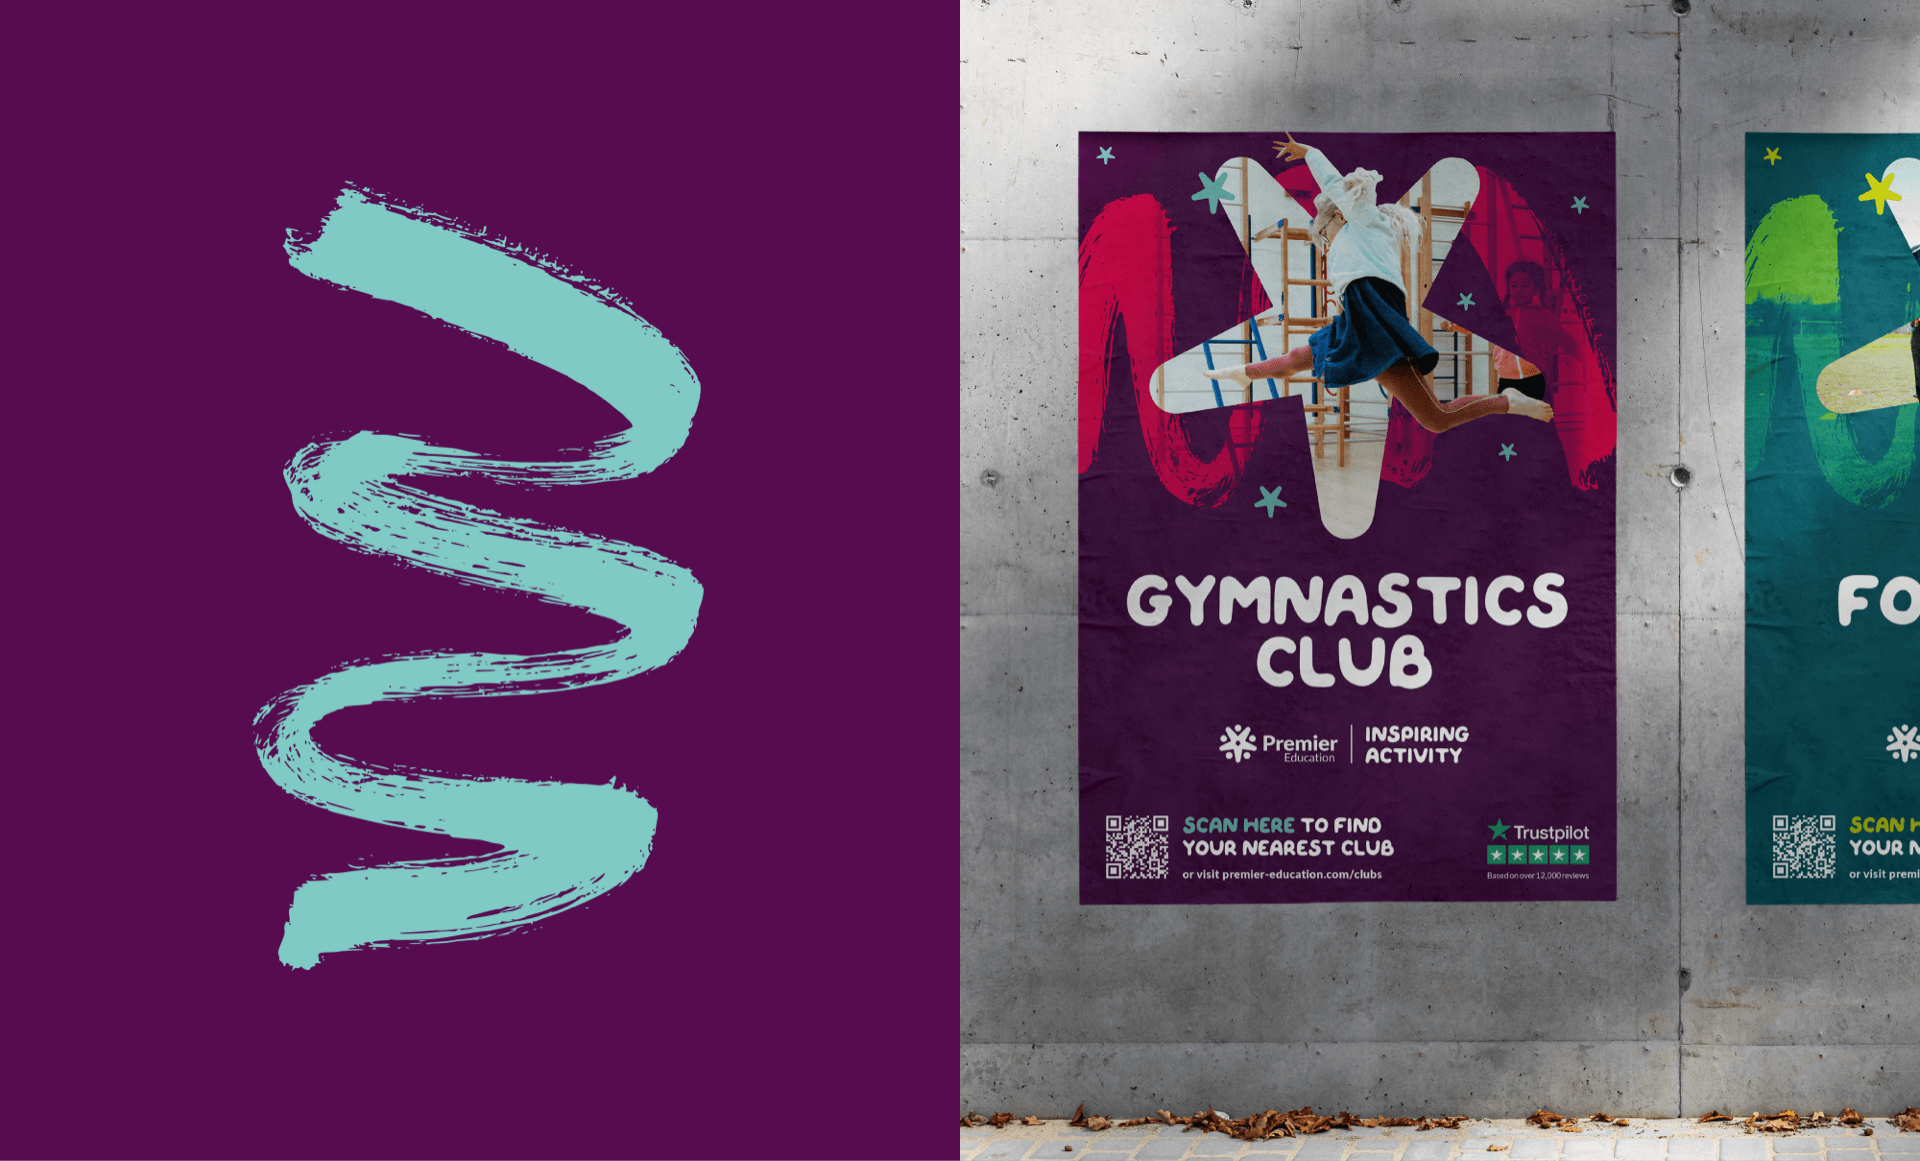 A mockup of a poster showing the promotion of a gymnastics club hosted by Premier Education.
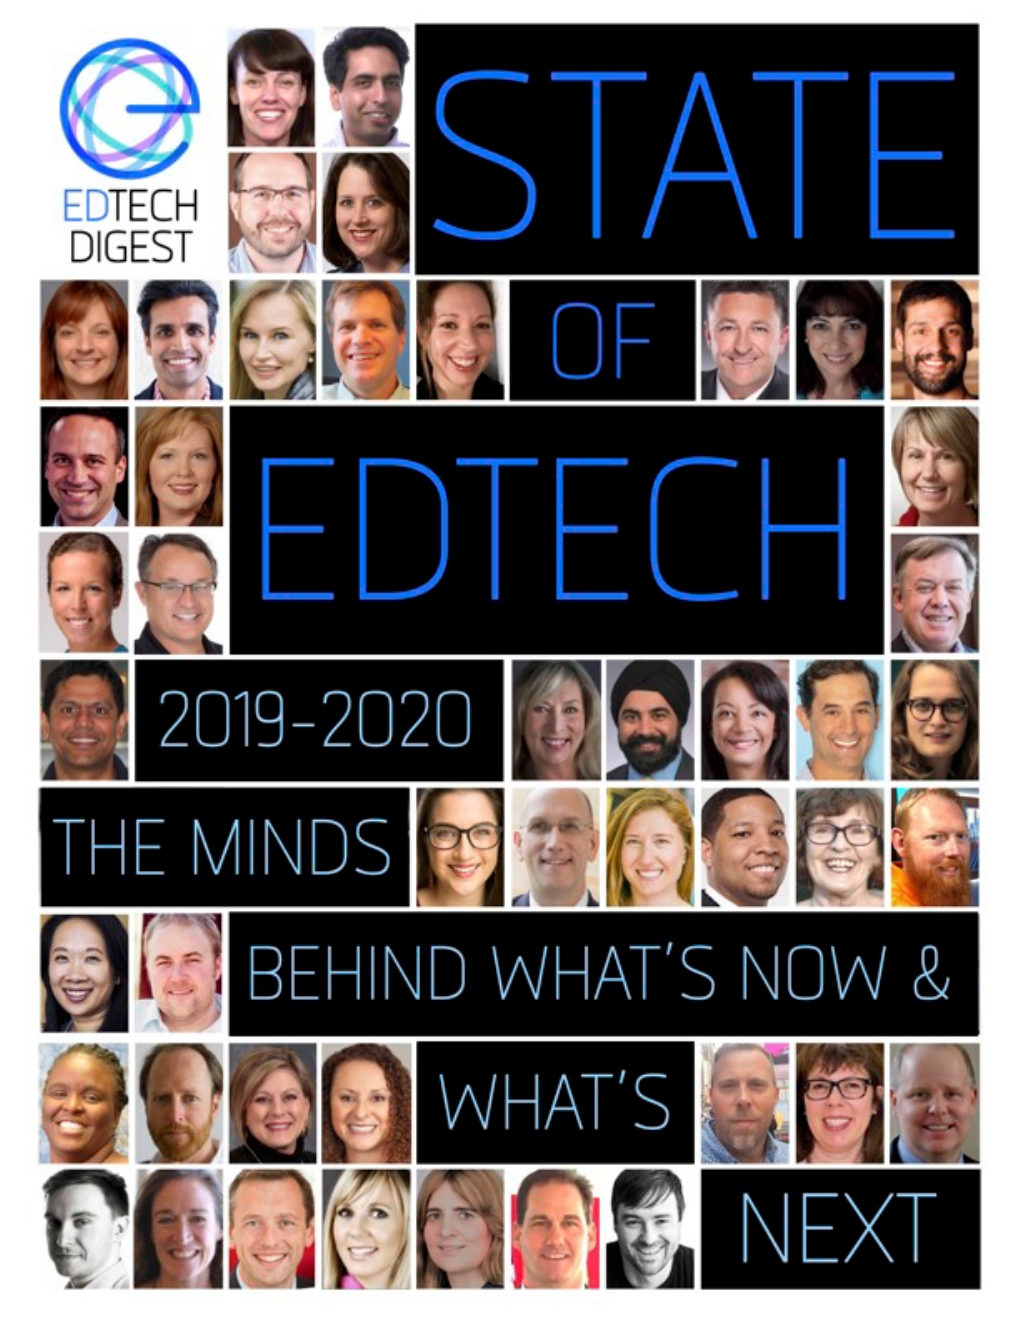 State of Edtech 2019-2020:The Minds Behind What's Now
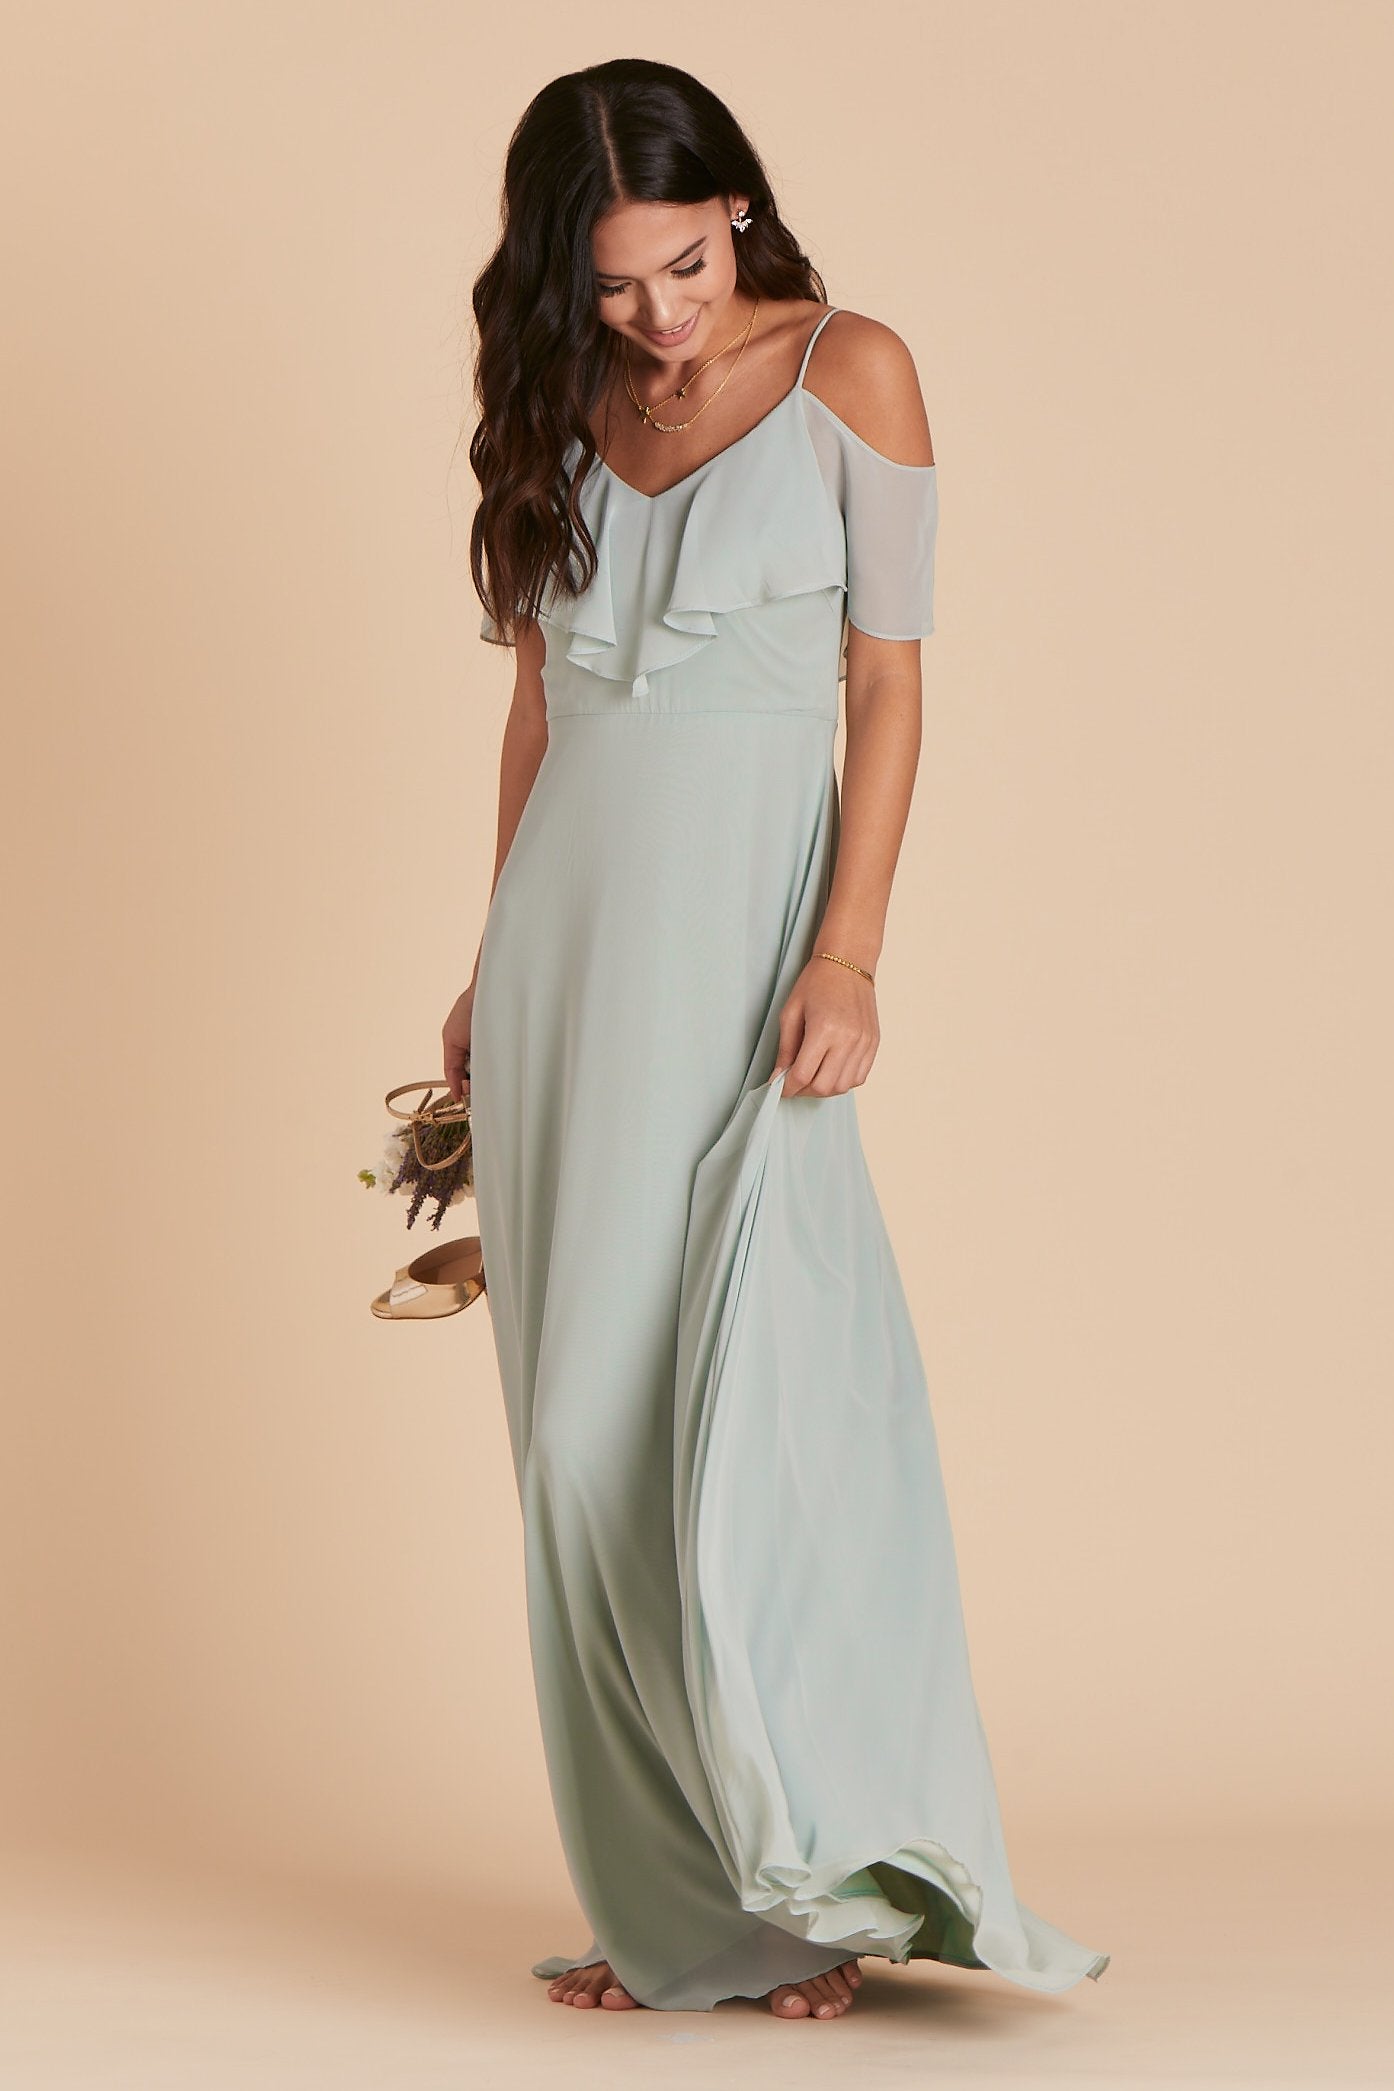 Jane convertible bridesmaid dress in sage green chiffon by Birdy Grey, front view

**Activity**
Please write out the material from the line containing "State of Edtech" to its final line, both inclusive, exactly as it appears; pictures are not part of the copy.

**Response to the task**
 State of Edtech 2019-2020:The Minds Behind What's Now
 Jane convertible bridesmaid dress in sage green chiffon by Birdy Grey, front view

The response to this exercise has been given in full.